It’s the only thing that reminds me I’m human, and not born straight from hell like my father makes me believe.
It gives me reassurance that somewhere inside me, I’m the same as everyone else. I bleed red, so therefore I must be able to be saved. Fixed? No. But saved? Maybe.
I add another line, engrossed in the trickles of red as they mingle and run in a braided river of life over my flesh. My devil’s quieter now, whimpering as he puts himself to bed to rest. And much like a tired parent, a sense of relief washes over me when I realize that with him quietly tucked away I can also enjoy a few moments of peace and quiet.
Finally.
A mere ten minutes later and the blade is clean, my leg has stopped bleeding, and I’m back as I was, spread-eagled on the bed, yet alone. The quiet is welcome, the silence refreshing, however I seem to have developed a new problem.
Eyes open: gray ceiling, lazy fan.
Eyes closed: Abbey.
Eyes open: lazy fan, crack in the plaster.
Eyes closed: Abbey.
Fuck. Clearing the mess from Dana seems to have simply opened the highway for the curiosity over Abbey to kick into high gear.

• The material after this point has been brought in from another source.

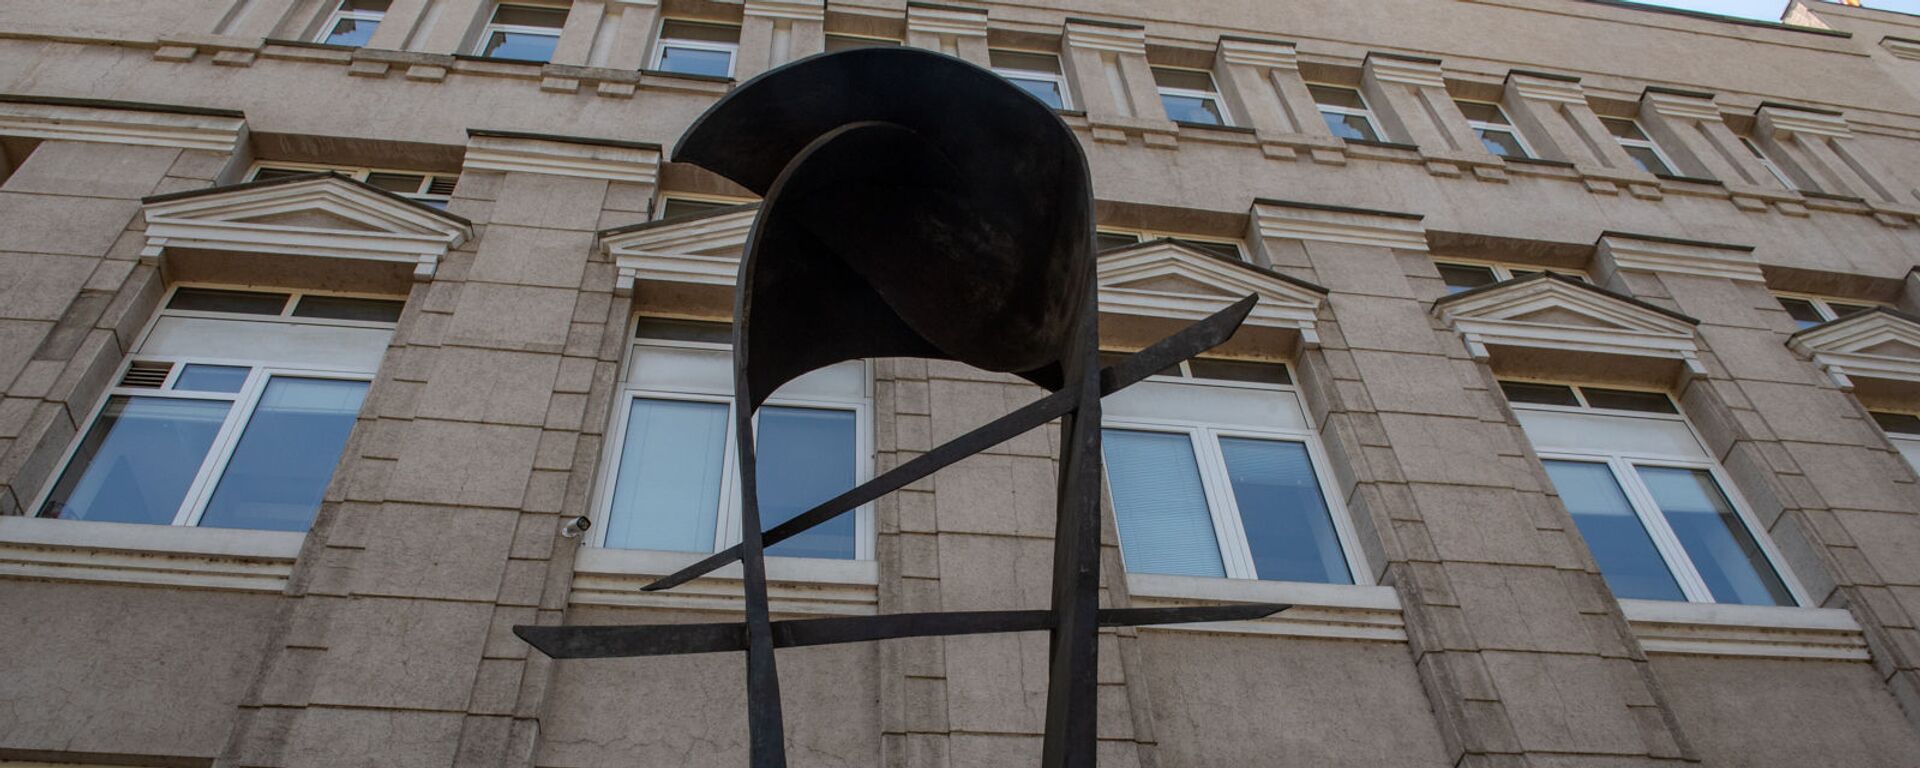 Скульптура армянскому драму перед зданием Центрального Банка Армении - Sputnik Армения, 1920, 16.03.2021

She didn’t mean for me to see her wrists, but I can’t deny that was one of the things that cemented by obsessive curiosity with her. She thinks we might work the same way, that she can find what’s missing for her by understanding me better.
What if she’s right?
Now isn’t the time to think about that, my devil whispers from his position curled in on himself.
Yeah, I know, but I can’t help but wonder what the hell went down when she went on her roadie and I visited Fort Worth to . . . well . . . .
Fuck things up?
Yeah, that.
Got to watch my back every time I’m in the room with one of those Butcher Boys now. Couldn’t blame them if they did dig the knife in. Fuck, I’d do a hell of a lot worse if roles were reversed and somebody murdered my friend.
You don’t have any friends . . . .
Aren’t you supposed to be asleep?
Still don’t regret the kill, only who it affected.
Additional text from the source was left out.